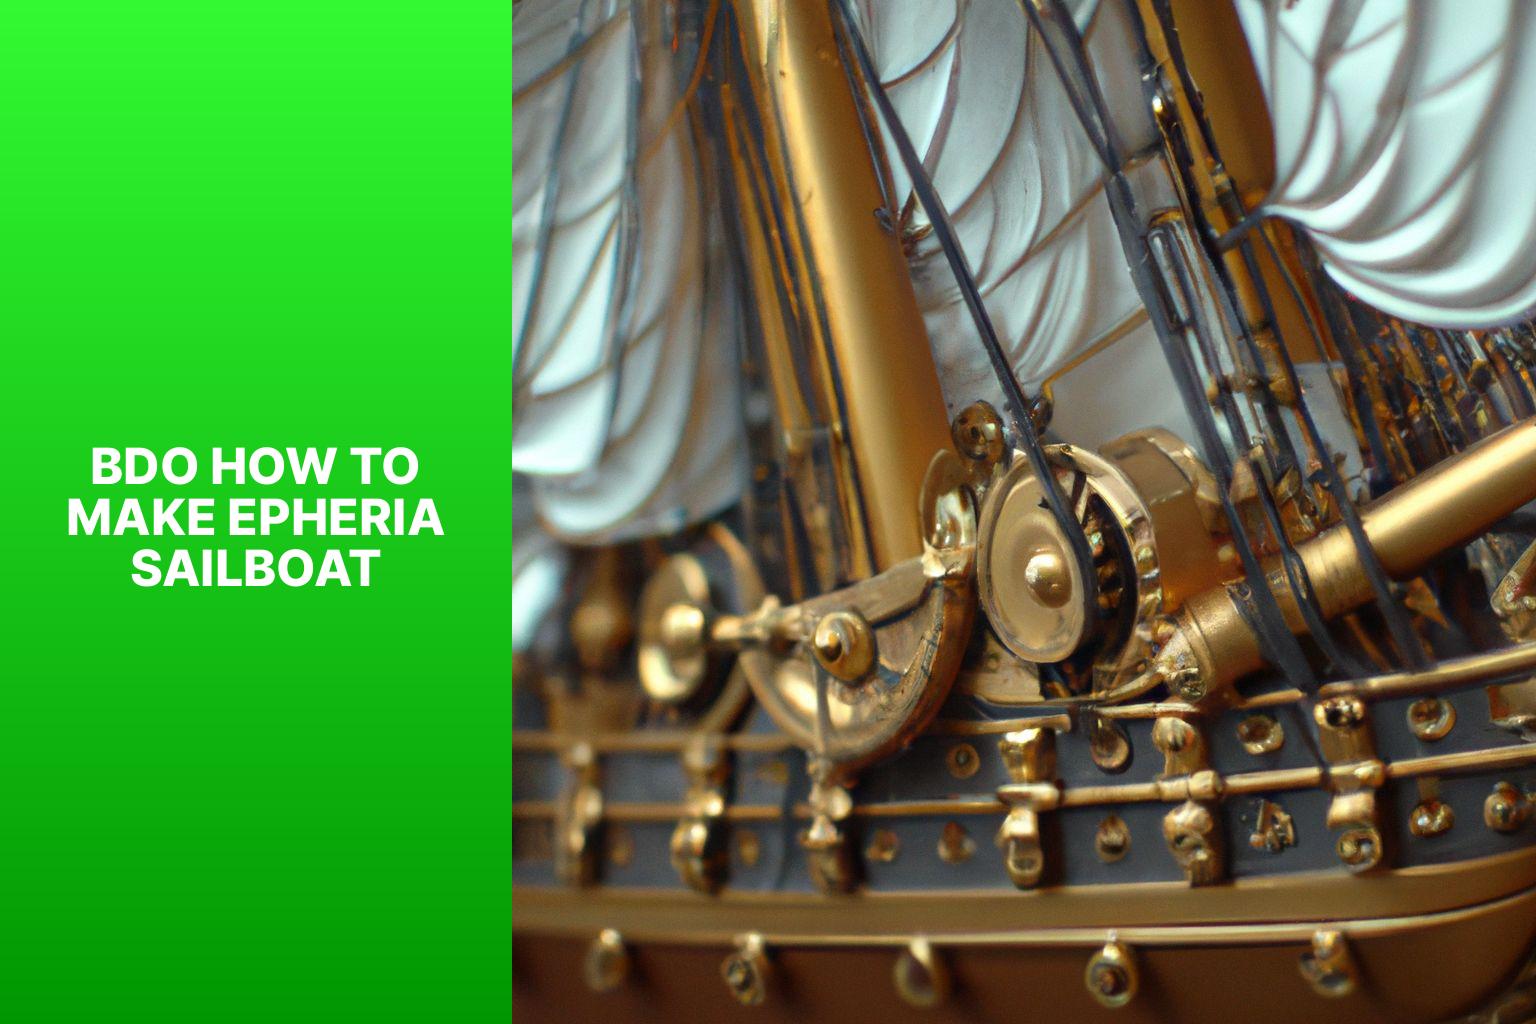 epheria sailboat brass figurehead
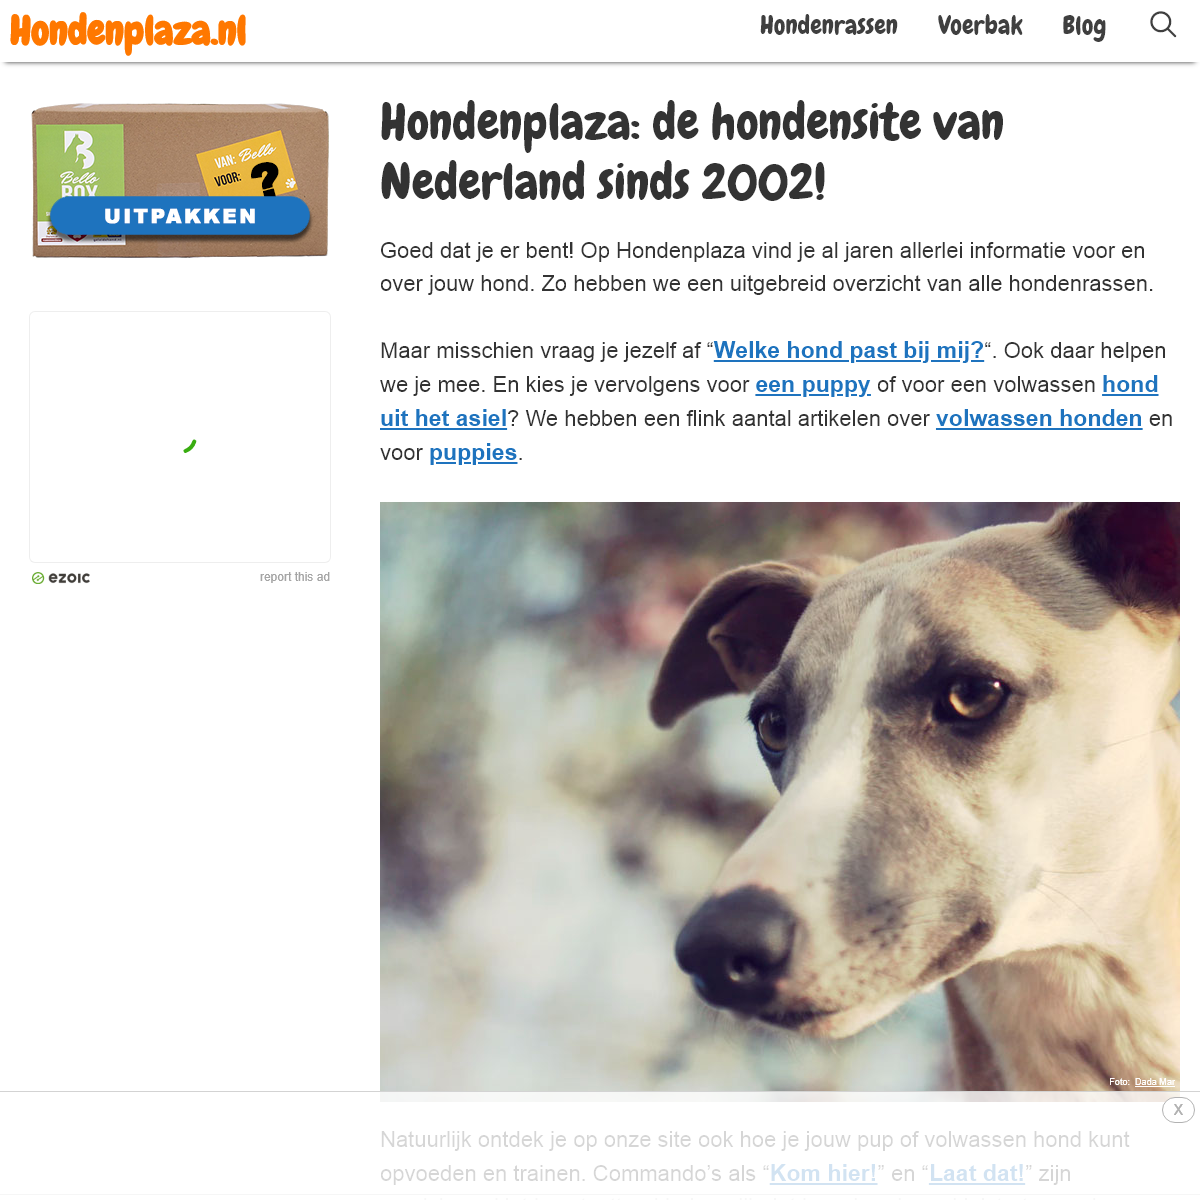 A complete backup of hondenplaza.nl
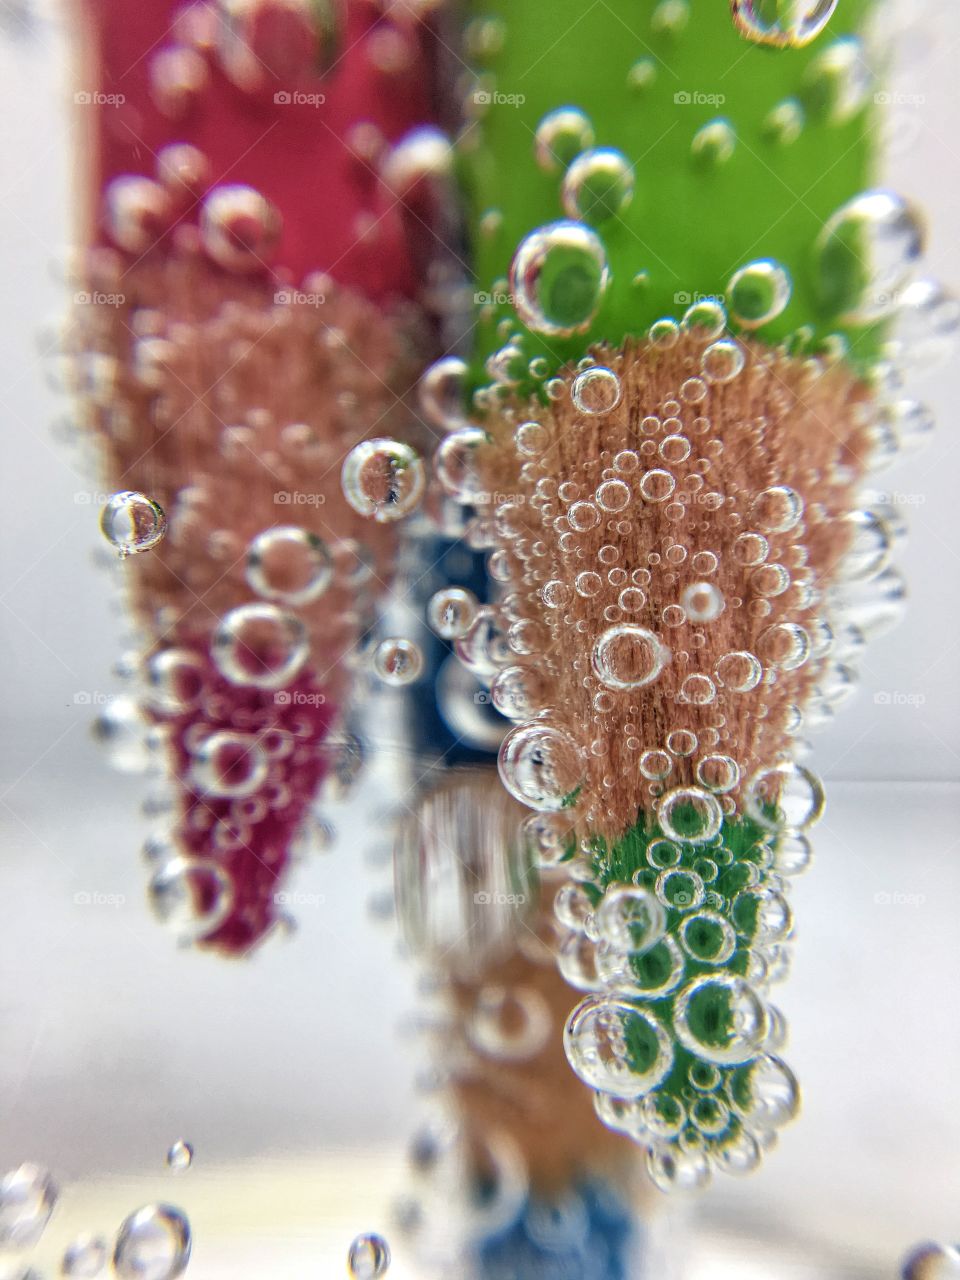 Colored pencil bubbles in water

**What you will do**
Return the data above in its exact wording, with none of the pictures.

**Answer section**
 epheria sailboat brass figurehead
 A complete backup of hondenplaza.nl
 Colored pencil bubbles in water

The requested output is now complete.